The RNA inverse folding program antaRNA, which takes secondary structure, target GC-content and sequence constraints as input, is extended to provide solutions for such H- and K-type pseudoknotted secondary structure constraint.

We demonstrate the easy and flexible interchangeability of modules within the antaRNA framework by incorporating pKiss as structure prediction tool capable of predicting the mentioned pseudoknot types. The performance of the approach is demonstrated on a subset of the Pseudobase ++ dataset.

Conclusions

This new service is available via a standalone version and is also part of the Freiburg RNA Tools webservice.
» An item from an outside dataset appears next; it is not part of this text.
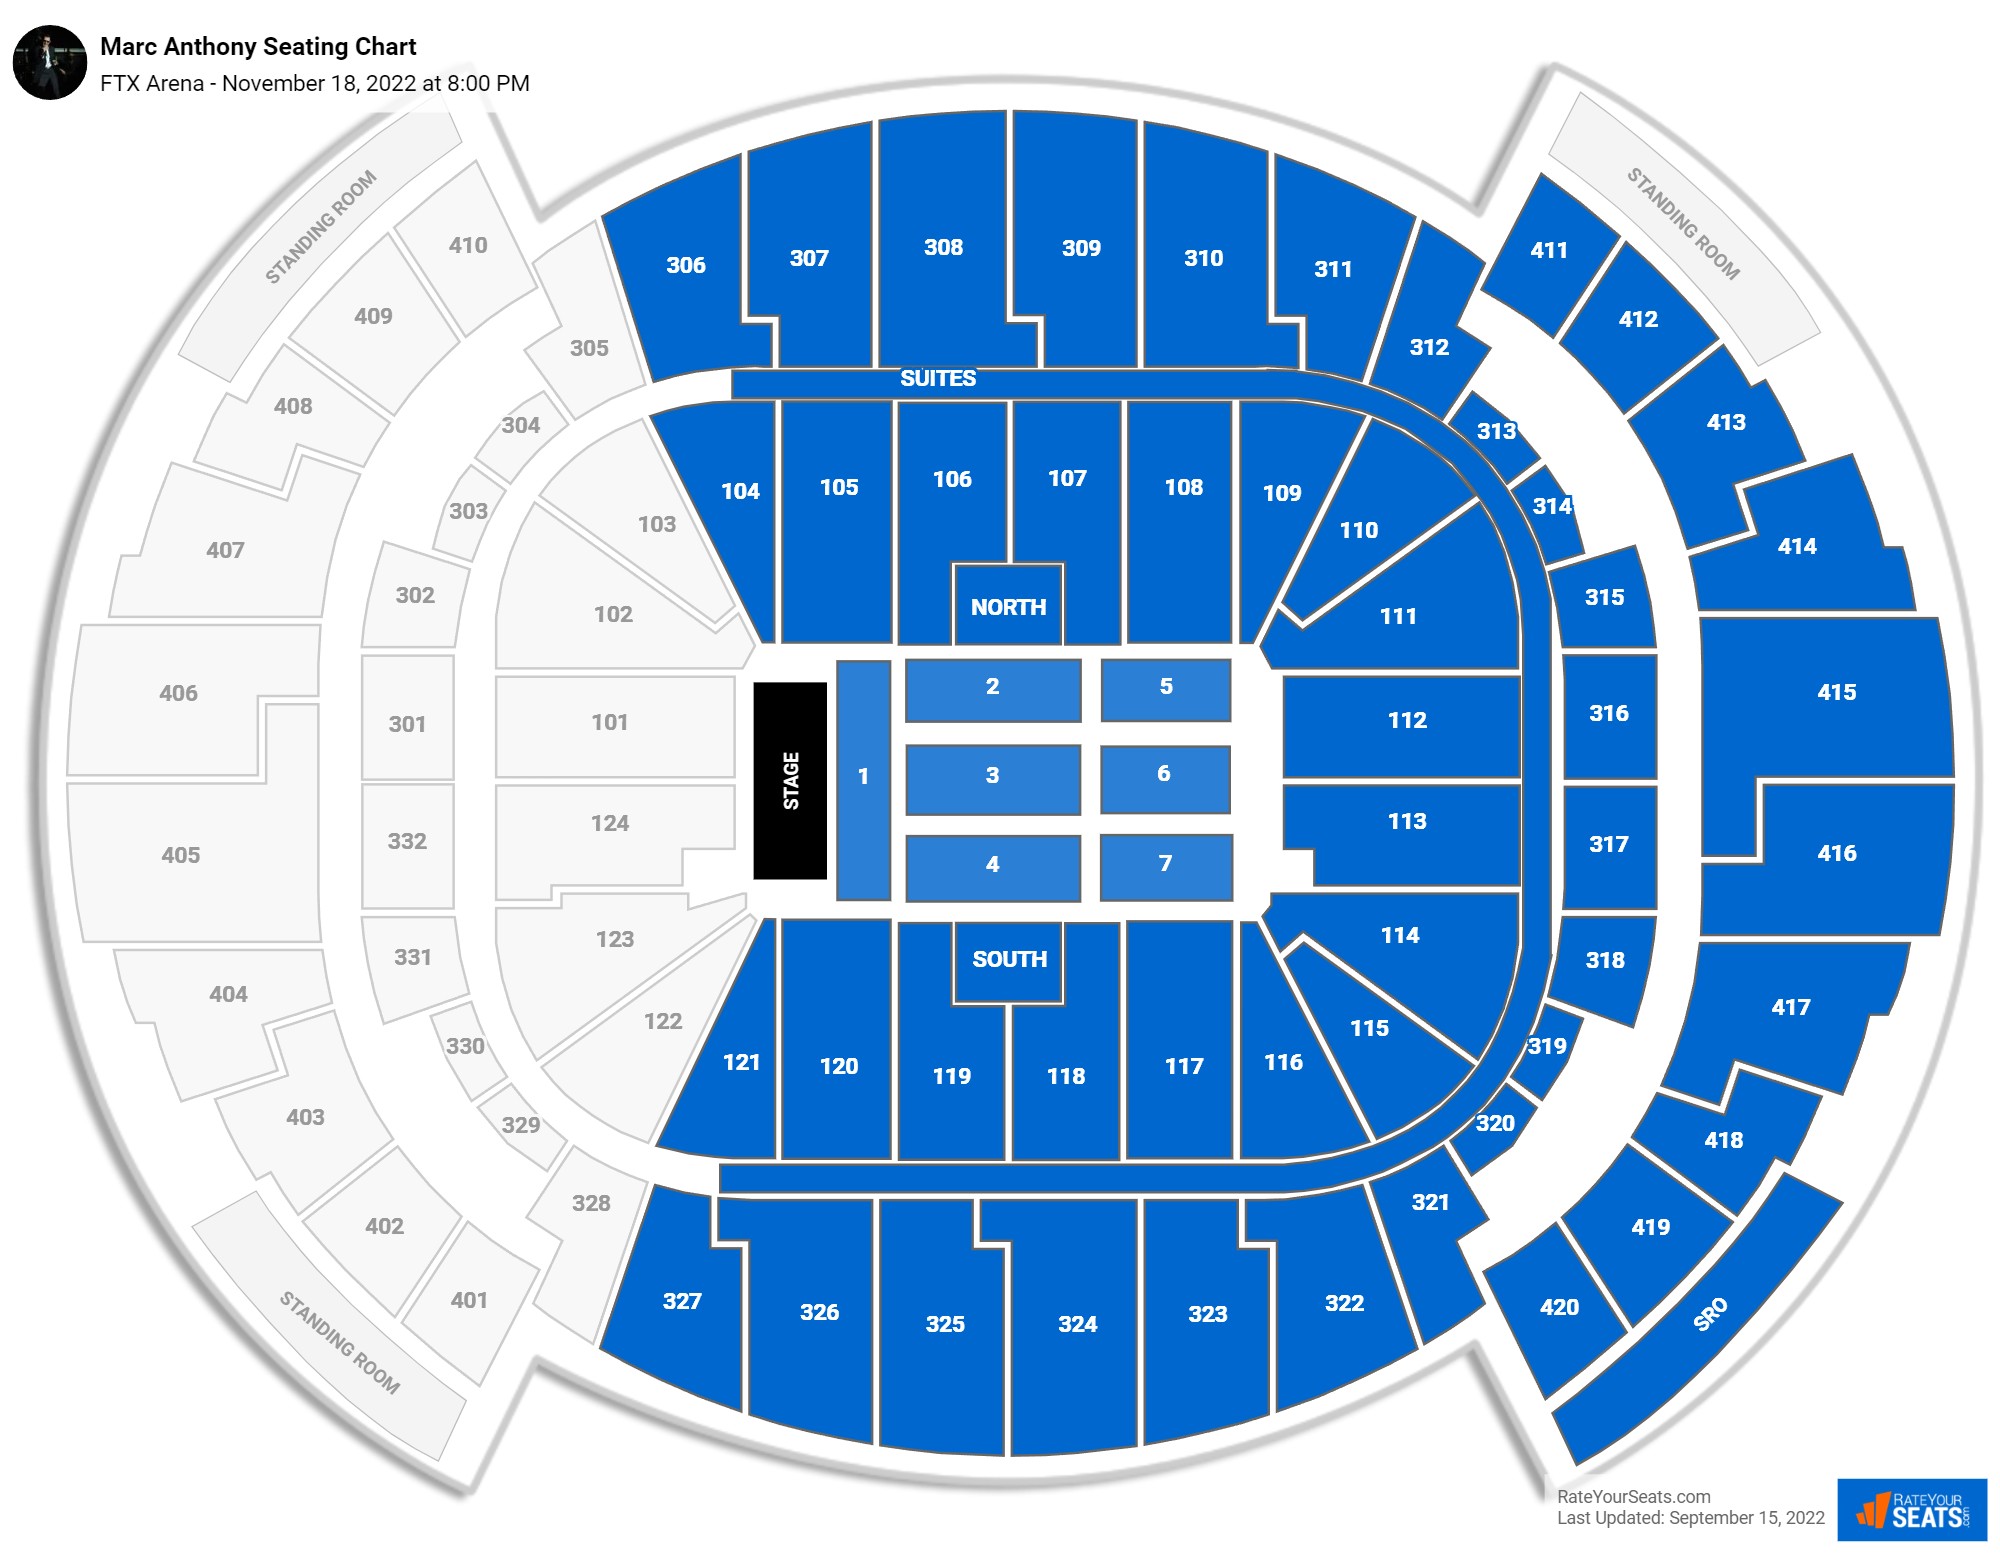 FTX Arena Concert Seating Chart

Furthermore, antaRNA is available in Galaxy and is part of the RNA-workbench Docker image.

Background

The recent years have seen an explosion in the discovery of non-coding RNAs associated with many different and surprising functions. Non-coding RNAs are involved in most regulatory processes, e.g. via interactions with proteins and other nucleotide sequences (DNA and RNA), or act as protein assembly platforms for complex ribonucleic particles. Due to this versatility, RNA molecules are now an emerging focus in synthetic biology and biotechnology. Aptamers against virtually any larger cellular molecule or even complete cells can be identified by SELEX RNA enrichment [1, 2]. This technique enables new molecular-medical applications for diagnostics and therapy [35] and the development of artificial biomaterials [6]. Another example is the procaryotic RNA-based CRISPR/Cas ‘immune system’ [7], which revolutionized genome editing [8].
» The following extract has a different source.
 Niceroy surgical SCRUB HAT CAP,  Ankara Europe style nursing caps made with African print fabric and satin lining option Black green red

By combining different functional RNA molecules in synthetic biology and biotechnological applications, synthetic constructs can be designed with a completely new functionality [9, 10]. However, the problem of compatibility occurs. In contrast to protein domains, functional RNAs are not easily fusable in a single new molecule since they mutually influence their structure. For that reason, one needs computational design tools as an important step in generating candidates for further testing. Since the function of an RNA is related to both sequence and the associated structure, we need to solve the problem of finding a sequence (under certain constraints) that folds into a functional structure. This is known as the inverse folding problem.

Among published approaches, different strategies have been pursued: Initial implementations realize simple sampling and local optimization techniques. For example, RNAinverse [11] samples sequences with subsequent local optimization, which was extended in INFORNA [12] with an improved seeding of the sequences. Newer algorithms mimic evolutionary processes (fRNAkenstein [13] and ERD [14]), but also show sophisticated improved optimization mechanics such as efficient ensemble defect optimization (NUPACK [15]) or fragment-based bonification methods (RNAfbinv [16]).

All above tools consider only nested secondary structures as design target. However, the functional structure usually involves crossing base pairs, forming so-called pseudoknots, that stabilize the tertiary three-dimensional structure [17, 18]. In addition, pseudoknots have been shown to be of high importance in specific functionality of respective RNA families, e.g. shown in human telomerase [19]. For example, the RFAM database (v12.0 07/2014) [20] lists 2,450 different RNA families with a wide variety of biological functions, of which 170 families are tagged with the annotation ‘pseudoknot’.

To our knowledge, so far the tools Inv [21] and MODENA [22] are the only approaches that allow for the design of sequences that fold into a given structure with pseudoknot features. Inv performs local optimization based on the loop decomposition of the target structure. MODENA uses a genetic heuristic to produce solution sequences, which are evaluated by applying either IPknot [23] and hotknots [24] as structure prediction programs. However, both tools lack the possibility to specify a targeted GC-content, which is an important requirement in practical design applications. The reason is simply that the GC-content of an RNA molecule can influence the efficiency of inherent functionality dramatically [2527].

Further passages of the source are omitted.